Power Supply Noise Filtering
Techniques for cleaning switching-supply ripple — LC, π-filter, ferrite, and LDO post-reg.
Reference
Filter options
| Filter | Attenuation | Notes |
|---|---|---|
| Shunt cap | −20 dB/decade | Simple; ESR limits HF performance |
| LC filter | −40 dB/decade | Two-pole, better attenuation |
| π-filter (C-L-C) | −40 dB/decade | Symmetric, common for PSU output |
| Ferrite bead + cap | HF trap | Bead is inductive + lossy at HF — ideal for power rails |
| Common-mode choke | CM noise | Needed for conducted-EMI certification |
| LDO post-reg | 60–80 dB PSRR at LF | Cleanest analog rails |
| Faraday cage | — | Mechanical shielding for sensitive stages |
Bypass cap guidelines
- Place a 100 nF ceramic < 5 mm from every IC power pin.

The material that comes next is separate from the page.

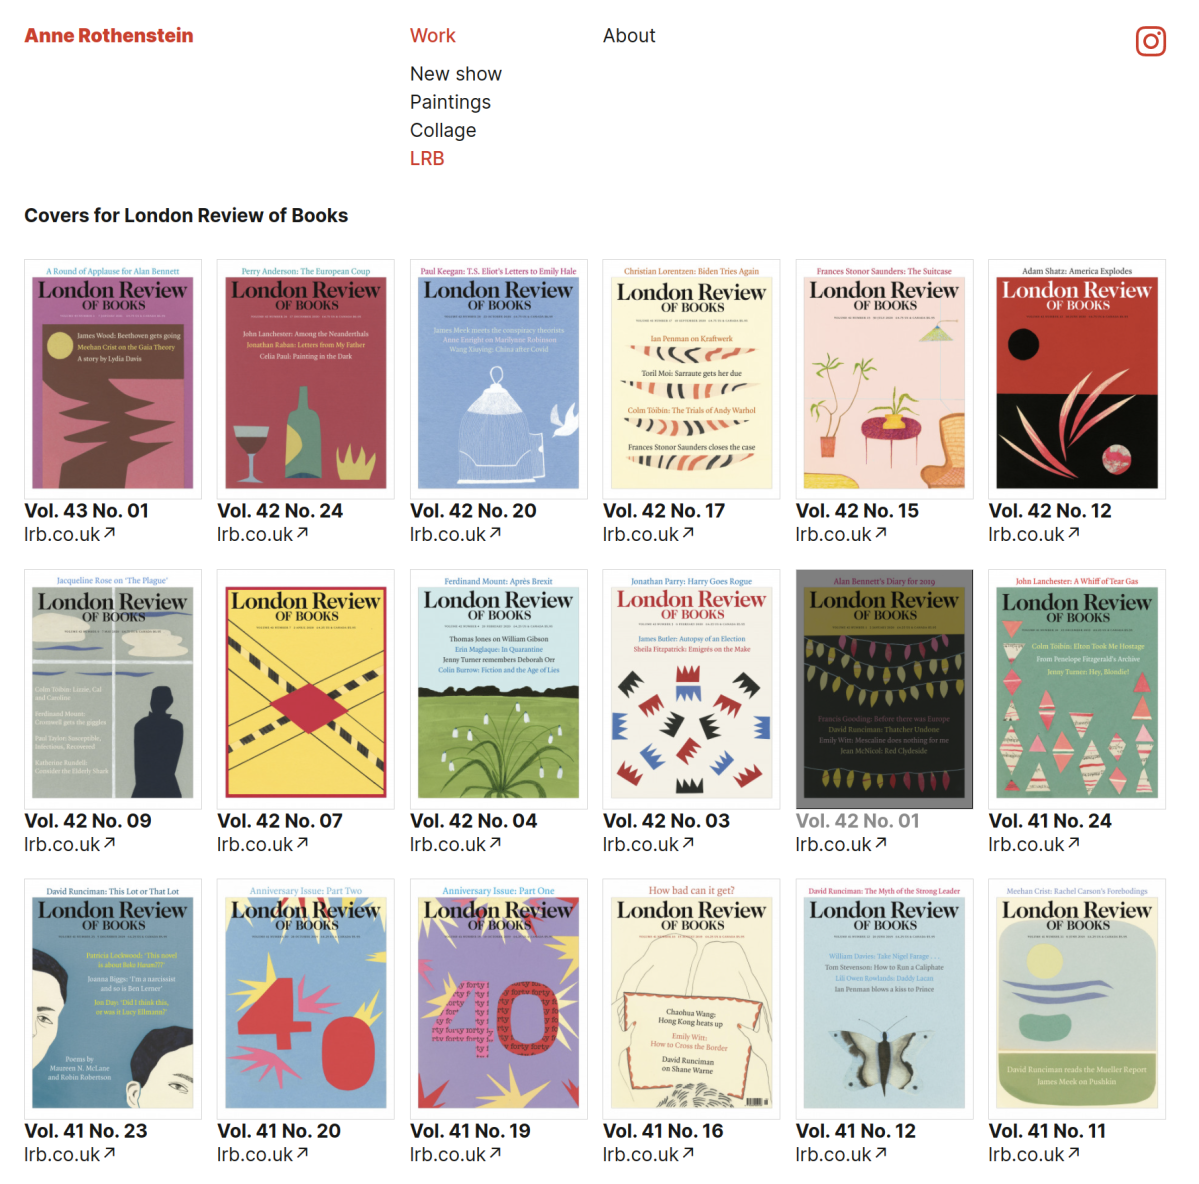 visual index of covers for The London Review of Books.

- Add a 1–10 µF local bulk near each group of ICs.
- Add a 10–100 µF electrolytic or polymer at the board input.
- Don't mix dissimilar ESR caps without checking for anti-resonance notches.
- Use X7R/X5R (not Y5V) for stable capacitance over voltage and temp.
Placement
- Shortest possible loop from cap to IC pin (local GND return).
- Via directly to ground plane — don't snake through other vias.
- For BGA, drop bypass caps on the opposite side directly under the IC.
- Star grounding for analog + digital sections to avoid mixing noise currents.
Notes
- Typical switcher output ripple: 10–50 mV p-p at switching frequency + spikes at switching edges.
- PSRR (power supply rejection ratio) of LDOs drops at high frequency — add filtering upstream for HF noise.